Talk about goofy.

Today's WSJ — The Wall Street Journal — includes a column that gets antitrust law so wrong you wonder why the paper's pundits, who include those who write the official editorials, bother.

The column in question takes aim at the U.S. Department of Justice's case that calls Apple and five book publishers price-fixers for, well, fixing prices.

As the WSJ so often does when dealing with antitrust law, this item reflects a breed of magical thinking.

It first claims that the e-book cartel couldn't have conspired because they simply applied Apple's standard "agency model" to e-books. That model lets the makers of a good or service — here, the book-publishers — set Apple's price. Apple keeps 30 percent of that price.

The writer doesn't seem to have picked up on the fact that the book people didn't use the agency model until they jointly chose to change their model. Adoption of the model resulted not from independent decisions but from a string of secret meetings where the book-makers' top execs agreed on a common plan to keep book prices high. Prices for their books shot back up and have stayed there. Buyers paid more. And Apple got 30 percent of the bigger take.

Can you say price-fixing?

The writer claims that the DOJ lawsuit has HURT competition by giving Amazon cover to . . . lower prices. You read that right. Paying less for e-books hurts competition.

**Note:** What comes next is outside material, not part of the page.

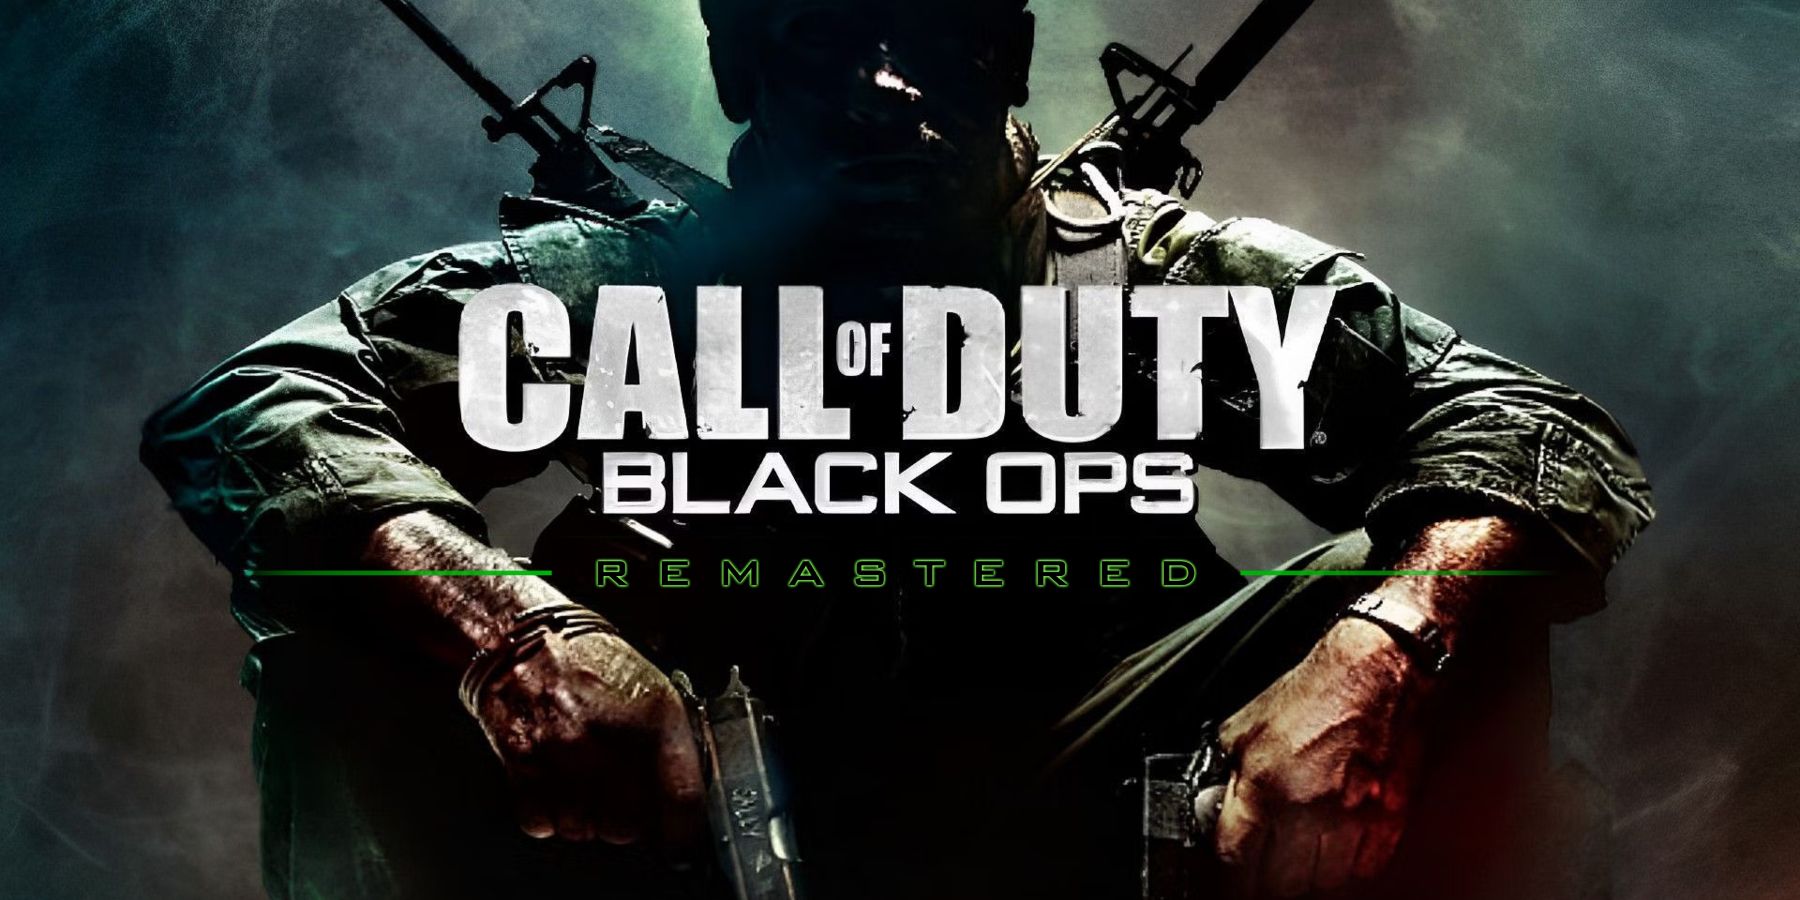 Call of Duty Black Ops 1 Remastered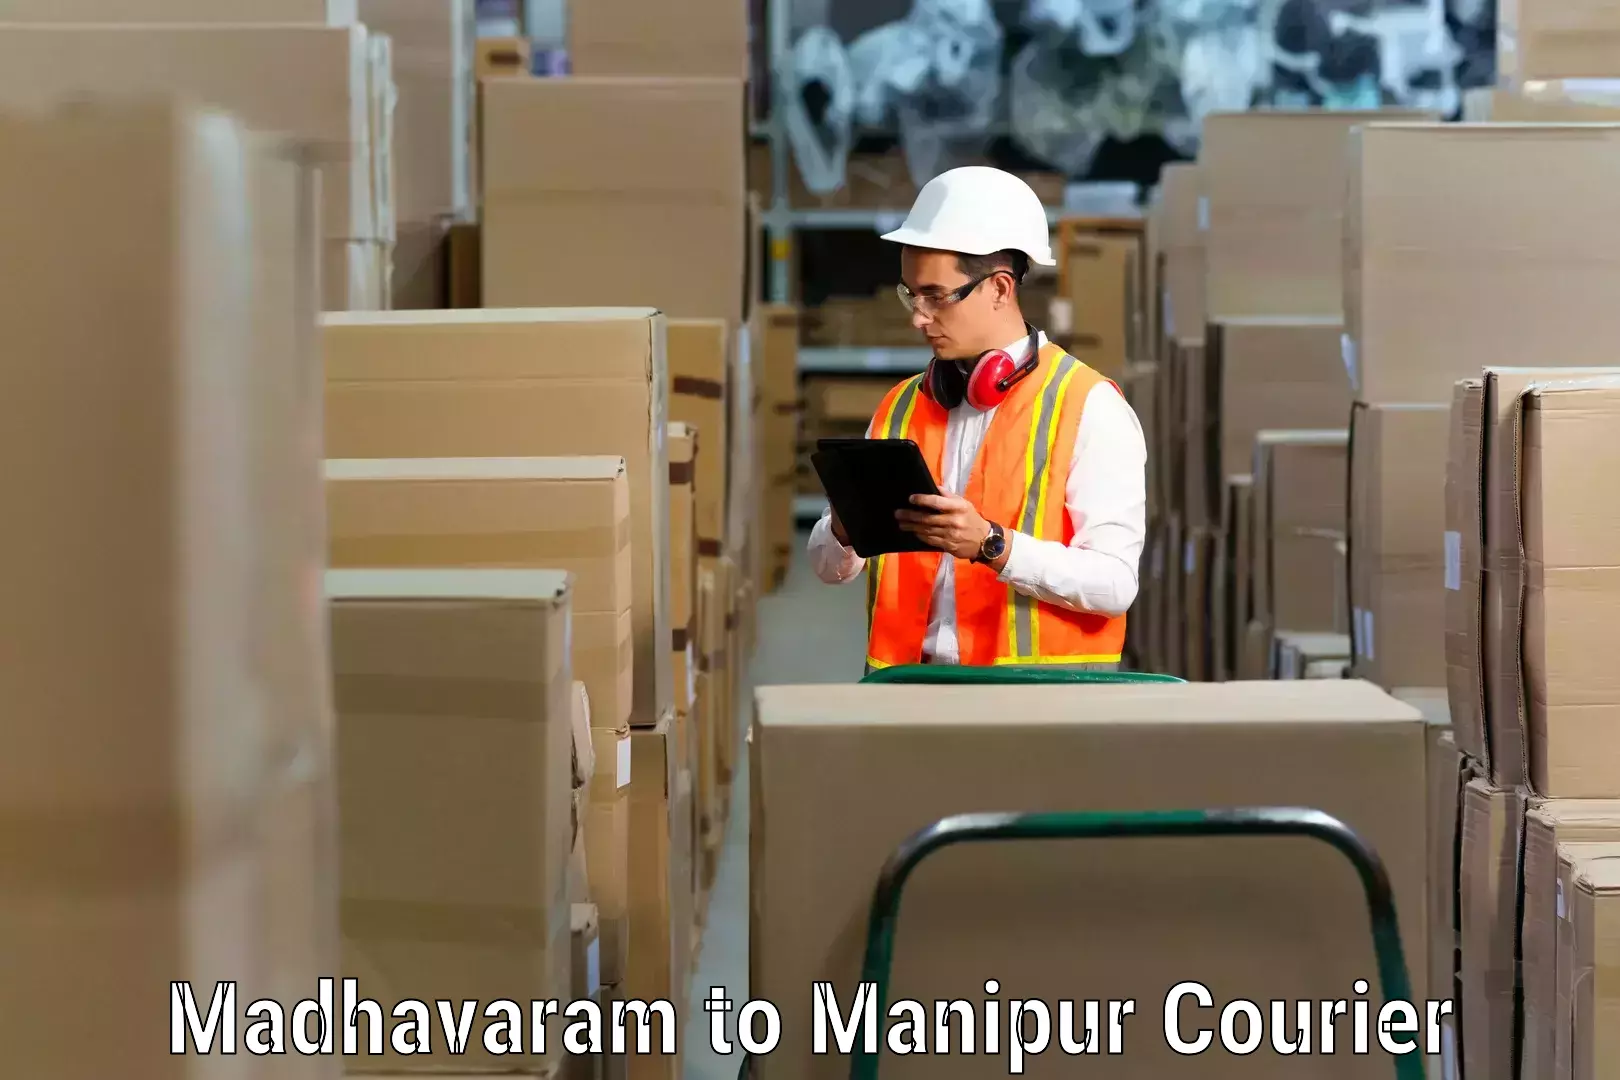 Furniture delivery service Madhavaram to Moirang

Who does the author cite for that idea? The head of a group that lobbies for people who write books. They of course want high prices for their products, pretty much for the same reason Apple does — they get a cut, too.

But, wait, there's more.

The writer ends by quoting antitrust guru and prophet Richard Posner, who for many years has taught antitrust law both as a judge on the Seventh Circuit Court of Appeals in Chicago and as a prof at the University of Chicago. The quote has Judge Posner saying that courts may often do a bad job of weighing "efficiency against monopoly". But the e-book case doesn't deal with "monopoly" — which by its terms ("mono") involves a single firm. No, this case concerns a price-fixing cartel. And the balance in cases like that falls almost always on the side of condemnation.

The irony? The same paper talked with a bunch of antitrust experts and put what they said about United States v. Apple Corporation in an article. The title?

"Critics of E-Books Lawsuit Miss the Mark, Experts Say".